The best way to see where this article is headed is to take a look at the image of a simple maze in Figure 1 and a screenshot of an associated demo program in Figure 2. The 3x5 maze has 15 cells, numbered from 0 to 14. The goal is to get from cell 0 in the upper left corner, to cell 14 in the lower right corner, in the fewest moves. You can move left, right, up, or down but not diagonally.

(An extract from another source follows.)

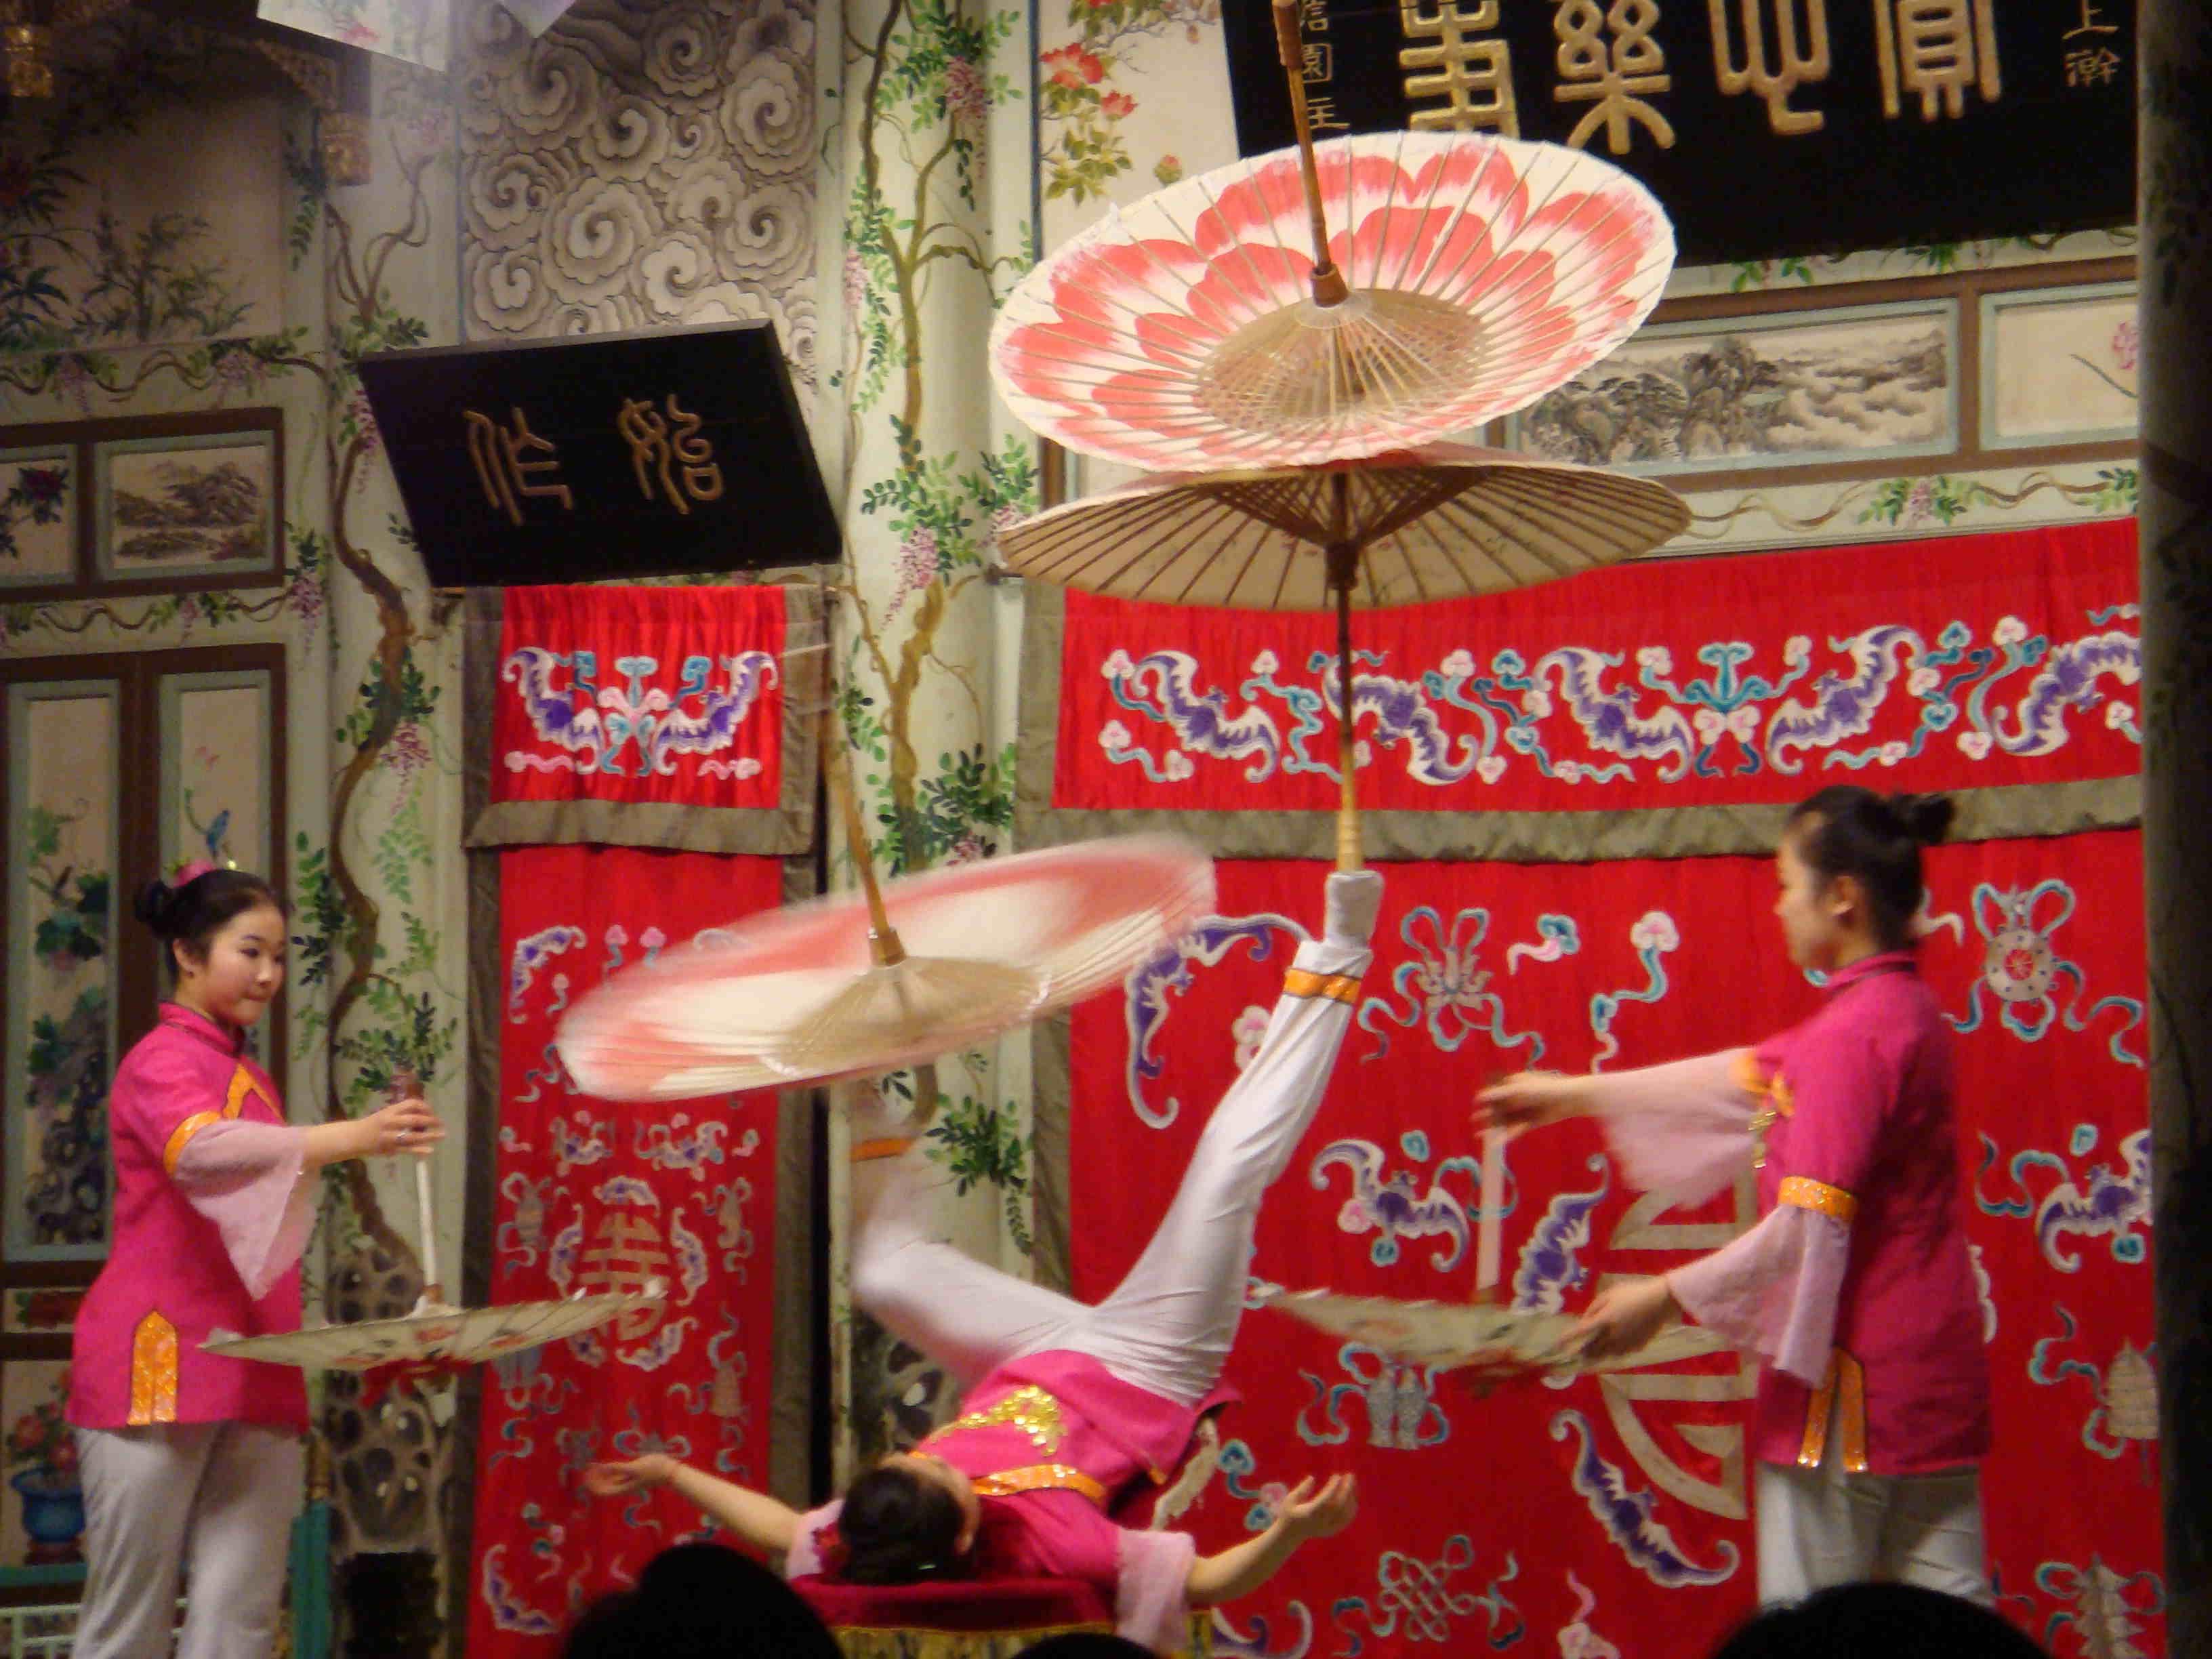 大明気功院 世界医学気功学会ツアー 青島大明院長お勧めの北京観光

The demo program sets up a representation of the maze in memory and then uses a Q-learning algorithm to find a Q matrix. The Q stands for quality, where larger values are better. The row indices are the "from" cells and the column indices are the "to" cells. If the starting cell is 0, then scanning that row shows the largest Q value is 0.02 at to-cell 5. Then at cell 5, the largest value in the row is 0.05 at to-cell 10. The process continues until the program reaches the goal state at cell 14.

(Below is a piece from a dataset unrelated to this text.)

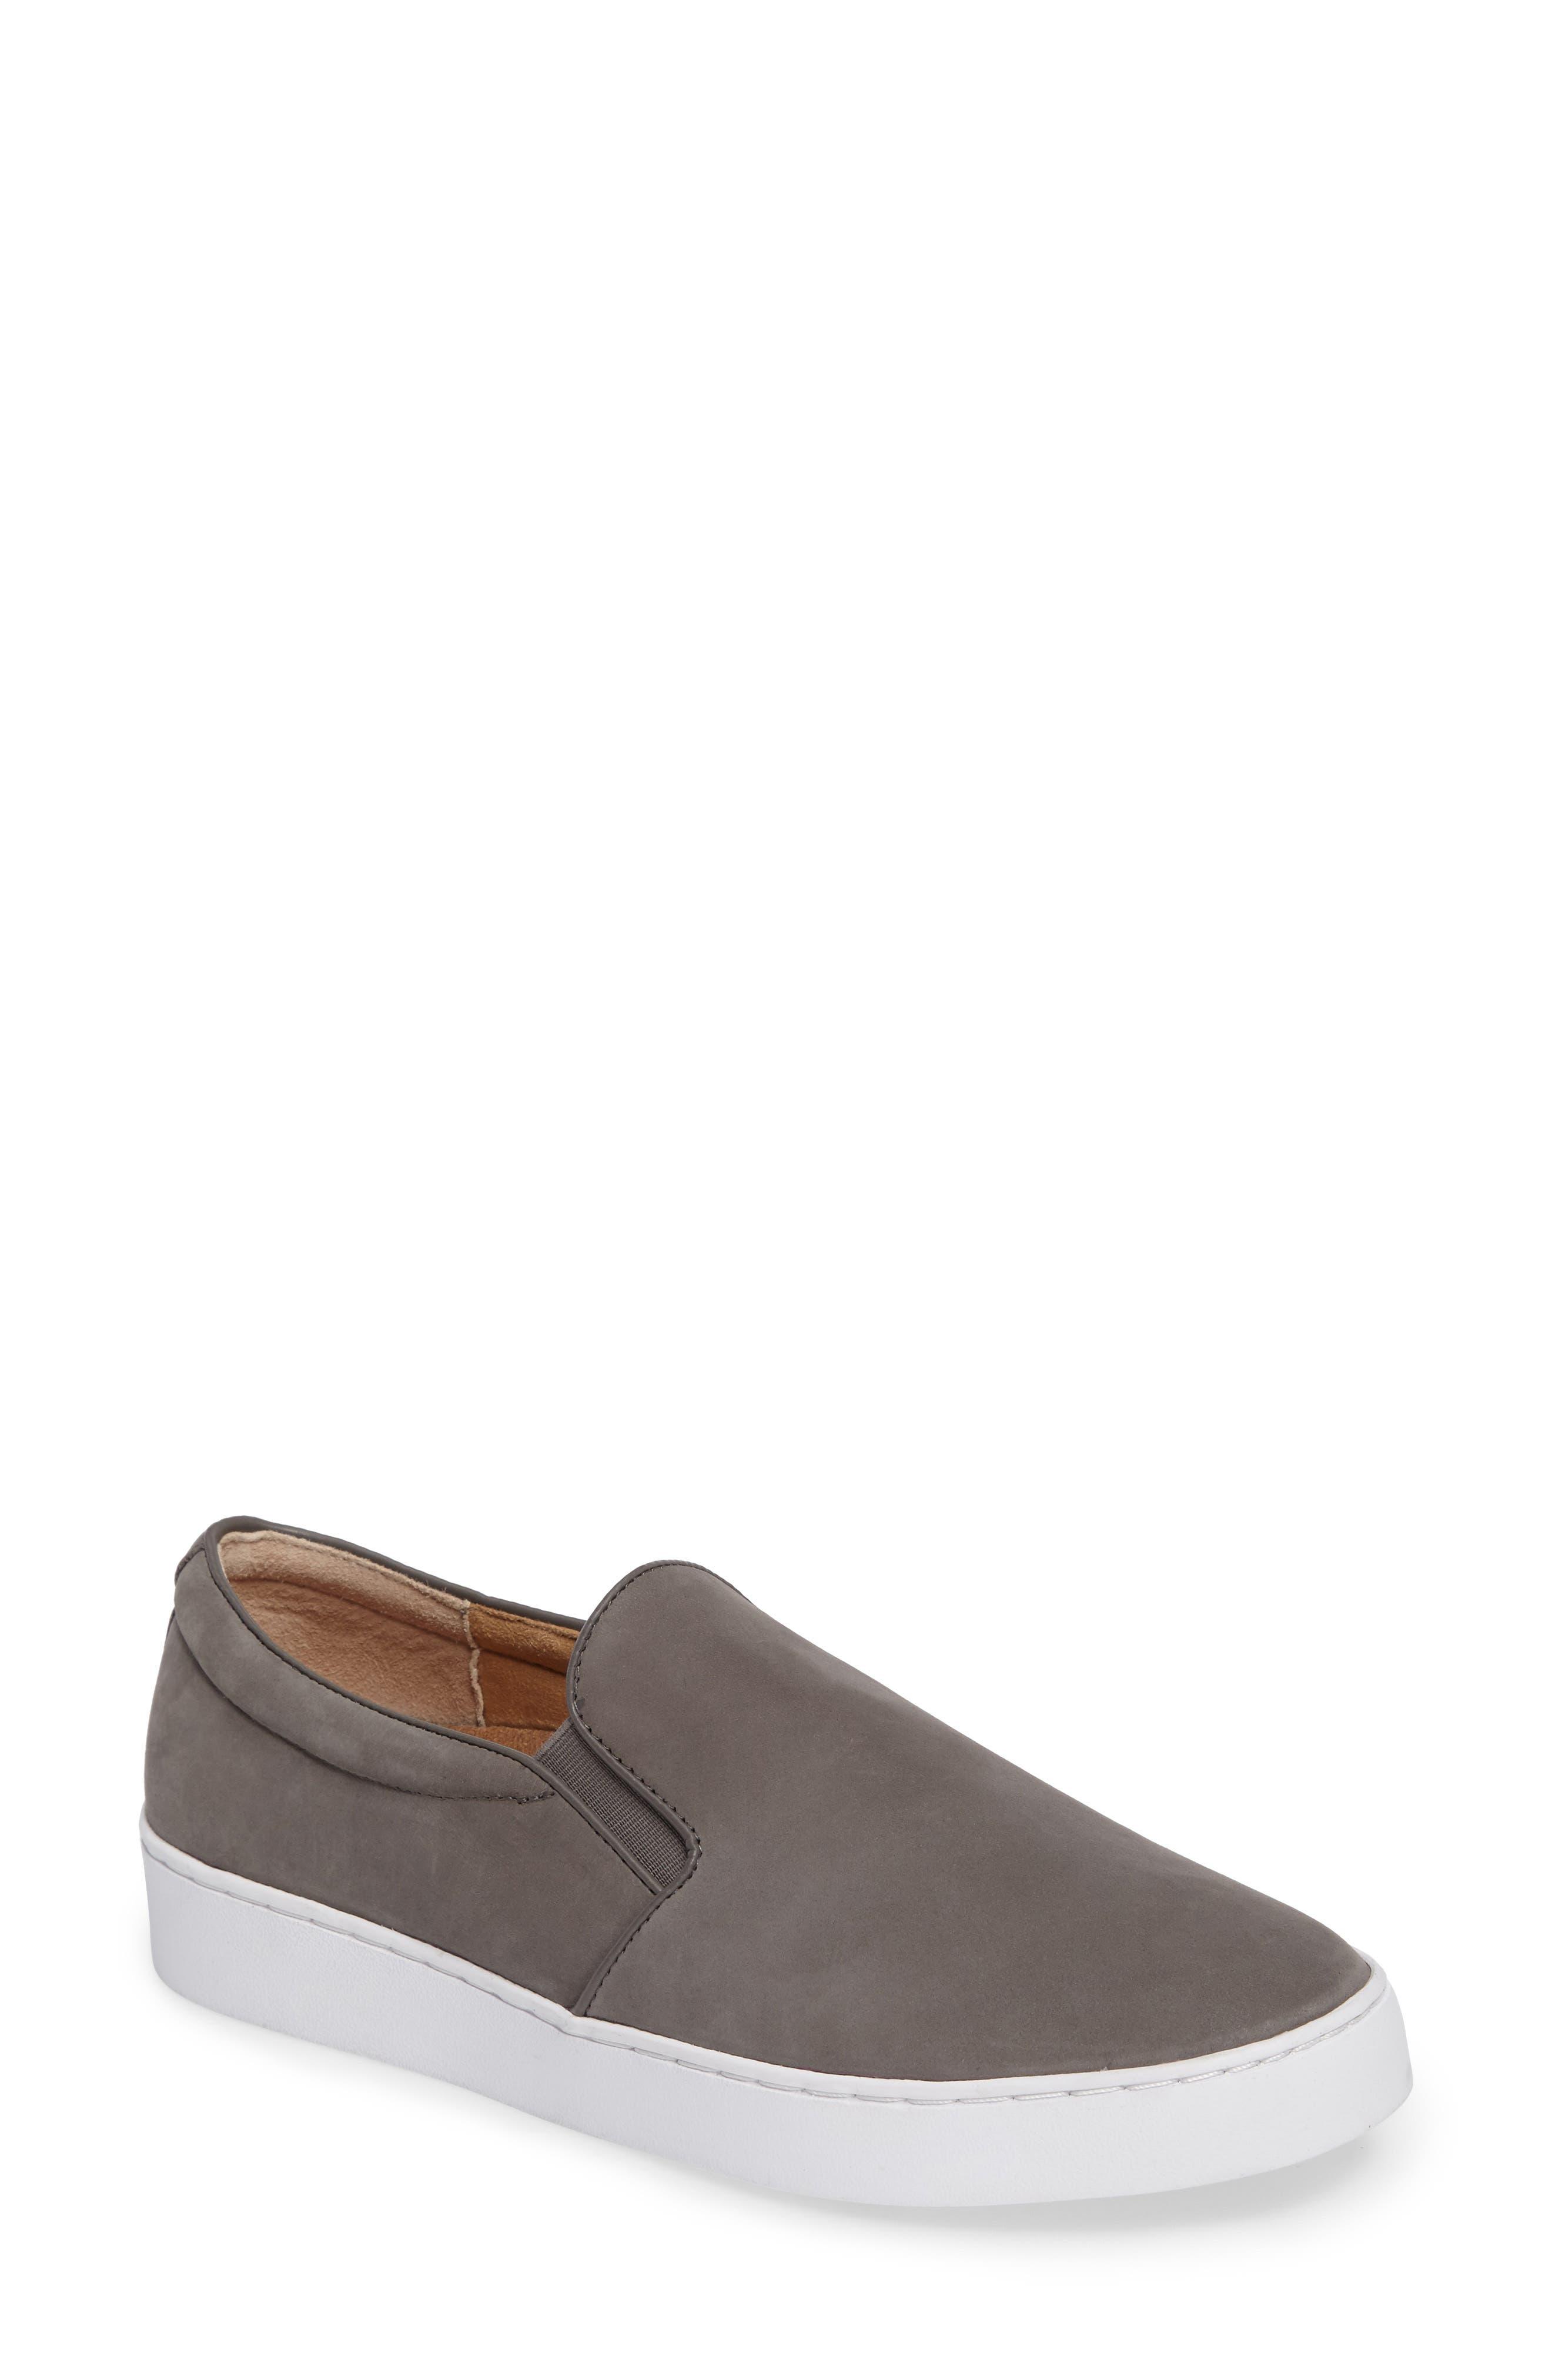 les chaussures de de chaussures vionic | nordstrom cef03f

It's not likely your boss at work will ask you to write Q-learning code to solve a maze, but this problem is the "Hello World" for Q-learning because the problem is easy to understand and visualize.

Simple Maze Problem
[Click on image for larger view.] Figure 1. Simple Maze Problem
Q-Learning Demo Program
[Click on image for larger view.] Figure 2. Q-Learning Demo Program

This article assumes you have intermediate or better programming skill but doesn't assume you know anything about Q-learning. The demo program is coded using Python, but you shouldn't have too much trouble refactoring the code to another language, such as C# or JavaScript. All the code for the demo program is presented in this article, and it's also available in the accompanying file download.

Straight to the Code
In my opinion, Q-learning is best understood by first looking at the code. The overall structure of the demo program, with a few minor edits to save space, is presented in Listing 1.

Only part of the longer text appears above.